Paul Cadmus, The Architect
The Architect

1950

Signed, l.r.

Pastel and pencil on buff paper

16 x 16 inches, image
18 x 18 inches, sheet

Sold.

Literature:
Lincoln Kirstein, Paul Cadmus (New York: Chameleon Books, 1996), pp. 70-1, full-page color illus. (related example)
David Leddick, Intimate Companions: A Triography of George Platt Lynes, Paul Cadmus, Lincoln Kirstein, and Their Circle (New York, NY: St. Martin’s Press, 2000), pp. 220-2 (related example)

Lincoln Kirstein writes: “‘Architect’ is a tour de force compounded of rectangularity. A young draftsman sits over a still life of the tools of his trade—T-square and compass laid out heraldically on a bare drawing-board. Cubic space determines the governing metric of his profession. Behind him, through a square-paned window, rises a business block, boxed and perforated by ribbons of identical windows.

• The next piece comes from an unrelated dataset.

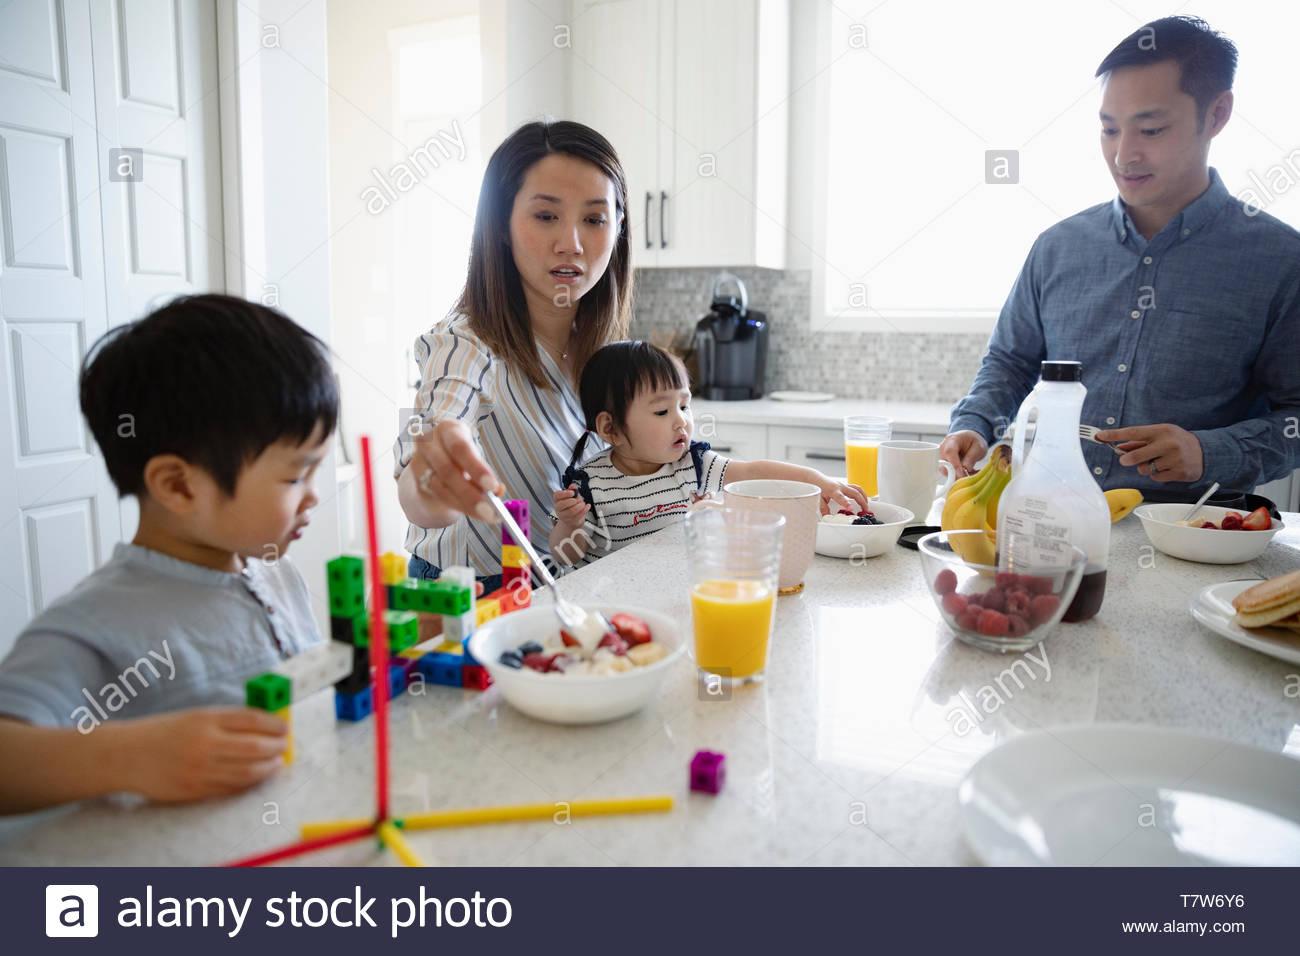 Le petit-déjeuner et repas de famille jouant avec des jouets dans la cuisine Banque D'Images

Here is minimal made architecture art and craft rather than negotiable roofed property. A visual sermon against the absolute lack of choice in modern real estate where hundreds of floors, rooms with eight-foot ceilings, thousands of identical cubicles, windowless and air-conditioned, represent a lowest common divisor of rentable space, a cheerless environment more suited to penal servitude than fit habitation for the exercise of thought or able work.

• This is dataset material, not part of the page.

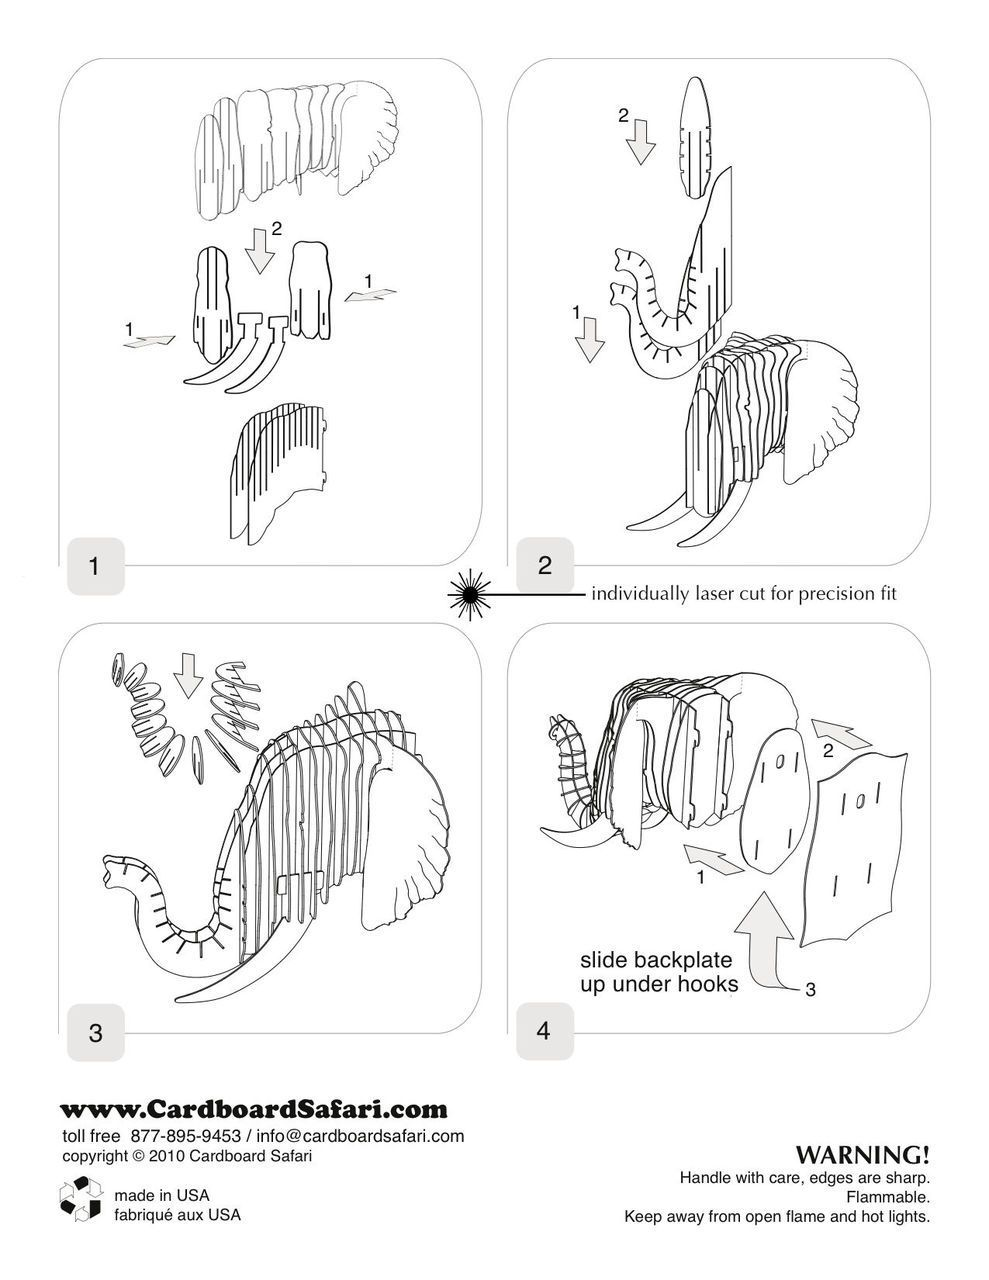 cardboard safari plantillas gratis - Buscar con Google | Proyectos ...

“However, the spectral body of a muse or demon shadows our architect, implying recollection through stubborn attachment to the memory and principles of great builders and their monuments, even in the bloodless cubage of concrete, steel, and glass. A ruby glows through the window of its breast, as steady memory and hopeful night light.”

The frame and velvet mat on this artwork were made by the artist.

The model is Charles ‘Chuck’ Howard. Chuck Howard was the lover of George Platt Lynes. After Howard and Lynes broke up in 1951, Howard (a fashion designer trained in Paris) worked with his friends Bill Blass and Ann Klein, among others. Howard introduced Ann Klein to Donna Karan, then a design student at Parson’s working for him.

The model for the figure outside of the window is painter George Tooker, another romantic interest of Cadmus’s during this time period.

For an extensive quote regarding Cadmus’s models in “The Architect,” see David Leddick, ibid.